The Icahn School of Medicine at Mount Sinai is internationally renowned for its outstanding research, educational, and clinical care programs. It is the sole academic partner for the seven member hospitals* of the Mount Sinai Health System, one of the largest academic health systems in the United States, providing care to New York City’s large and diverse patient population.  The Icahn School of Medicine at Mount Sinai offers highly competitive MD, PhD, MD-PhD, and master’s degree programs, with enrollment of more than 1,200 students. It has the largest graduate medical education program in the country, with more than 2,600 clinical residents and fellows training throughout the Health System. Its Graduate School of Biomedical Sciences offers 13 degree-granting programs, conducts innovative basic and translational research, and trains more than 560 postdoctoral research fellows. 

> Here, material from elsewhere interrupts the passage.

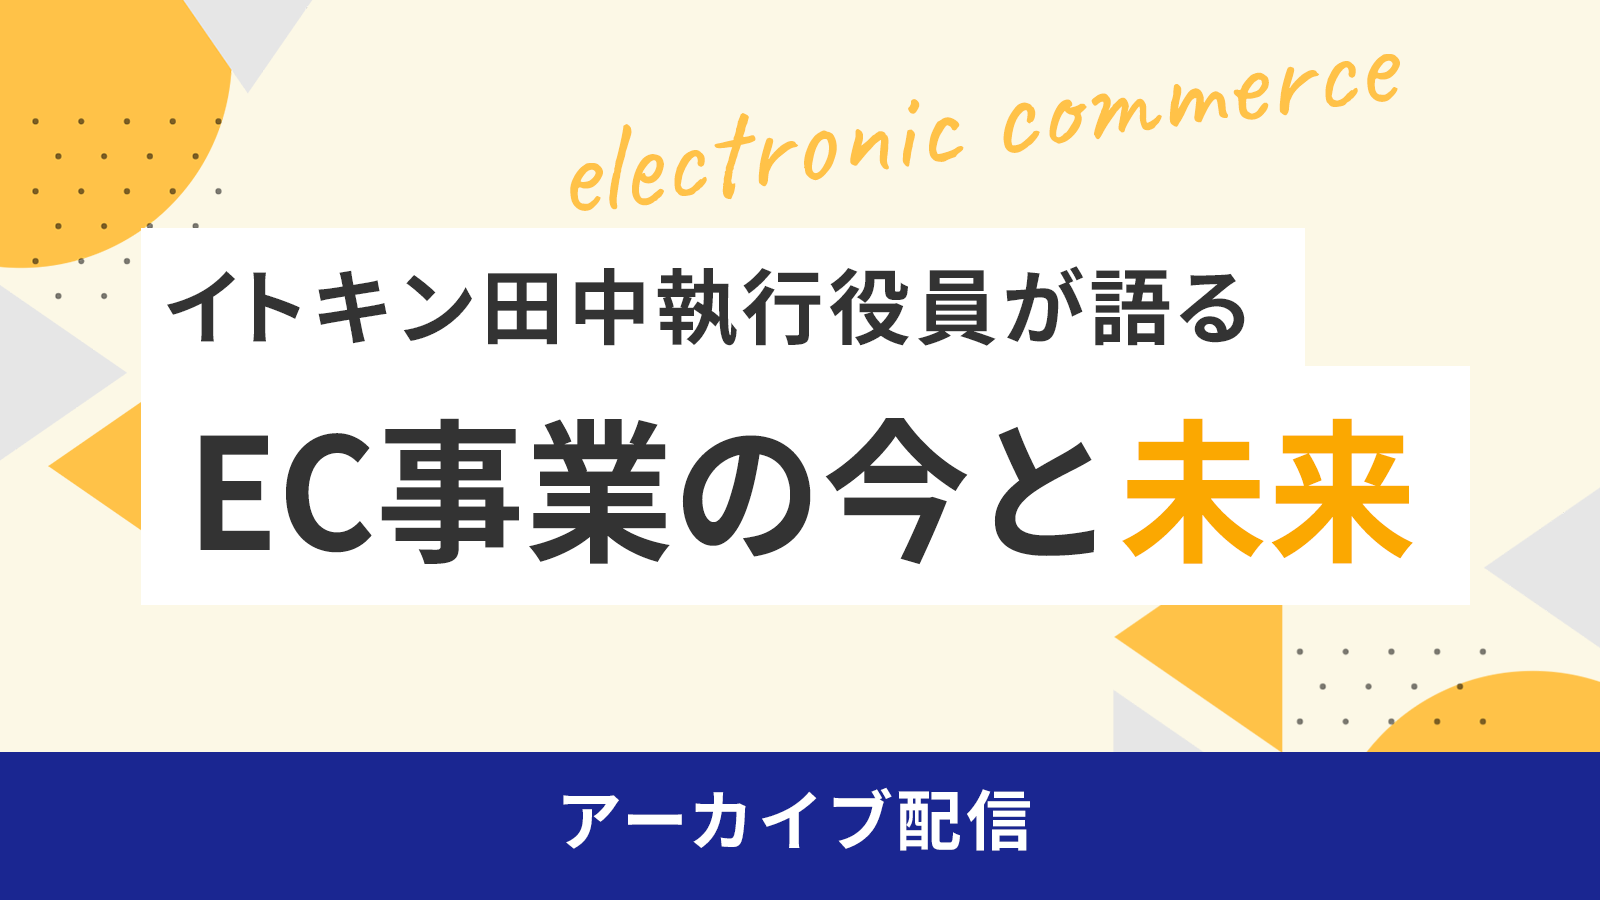 イトキン田中執行役員が語る「EC事業の今と未来」 アーカイブ
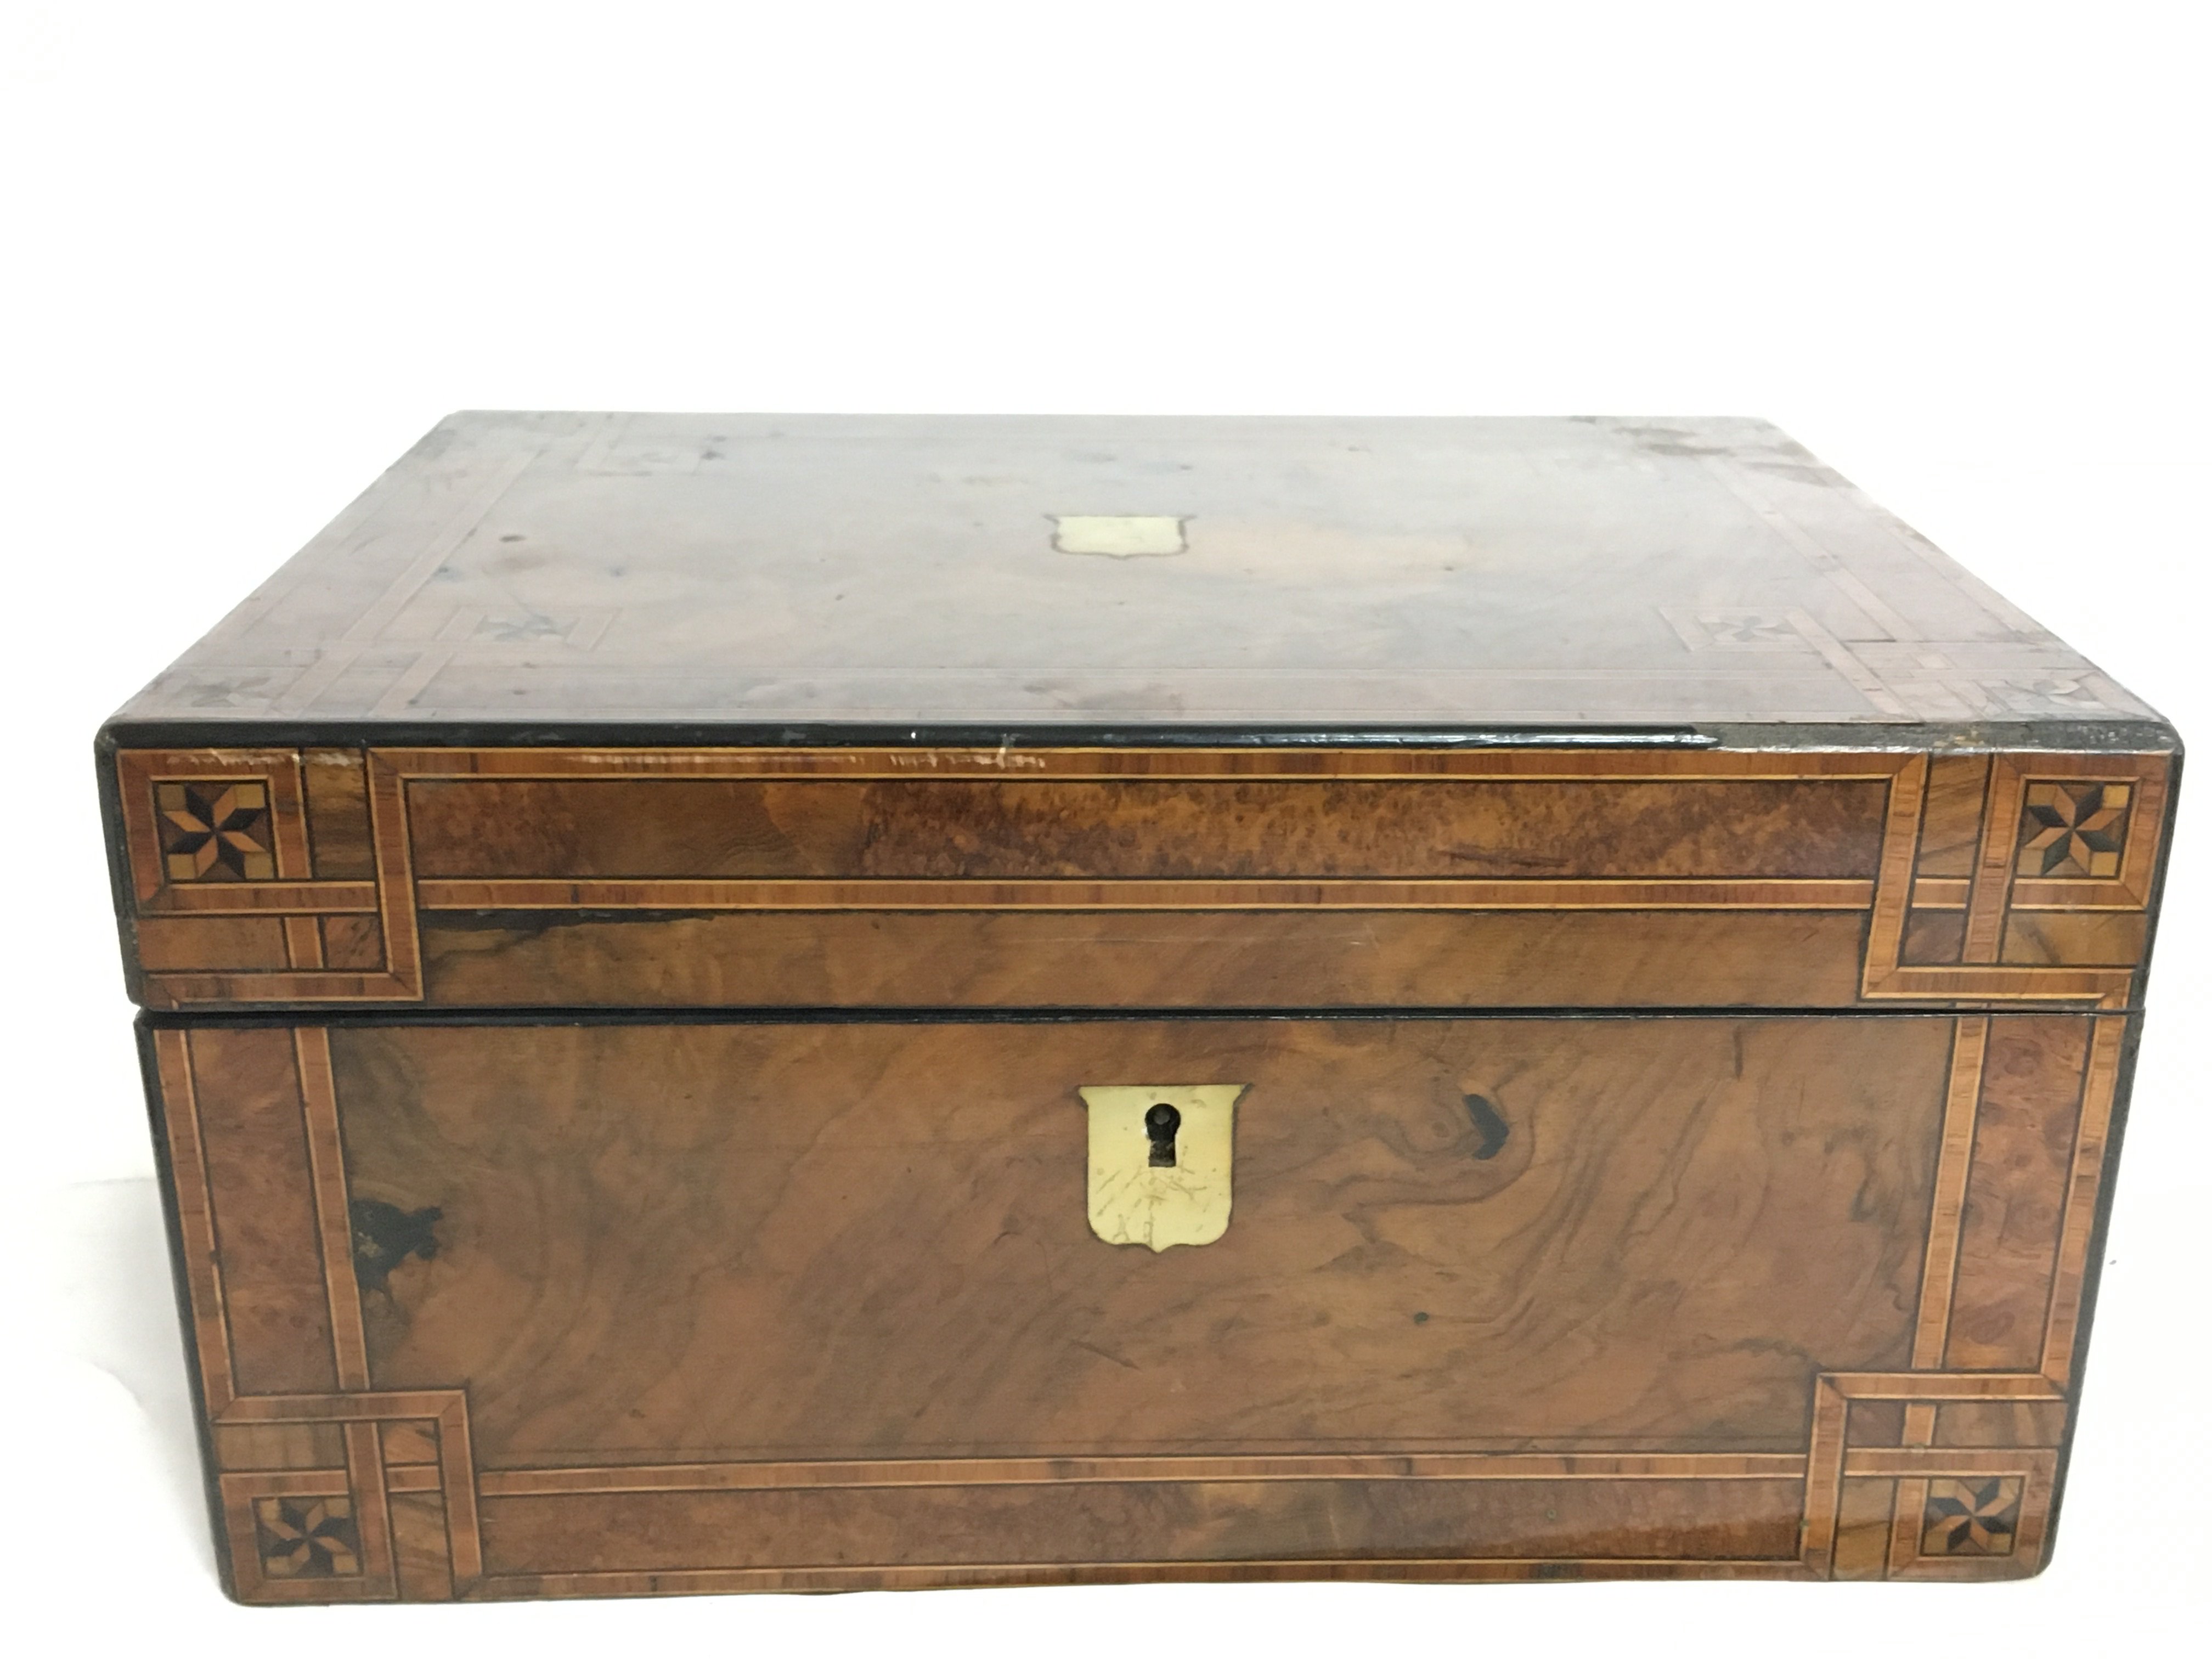 A Walnut inlaid writing box, dimensions 22.5x30x15

Ranked 11th nationwide in National Institutes of Health (NIH) funding, the Icahn School of Medicine at Mount Sinai is among the 99th percentile in research dollars per investigator according to the Association of American Medical Colleges.  More than 4,500 scientists, educators, and clinicians work within and across dozens of academic departments and multidisciplinary institutes with an emphasis on translational research and therapeutics. Through Mount Sinai Innovation Partners, the Health System facilitates the real-world application and commercialization of medical breakthroughs made at Mount Sinai.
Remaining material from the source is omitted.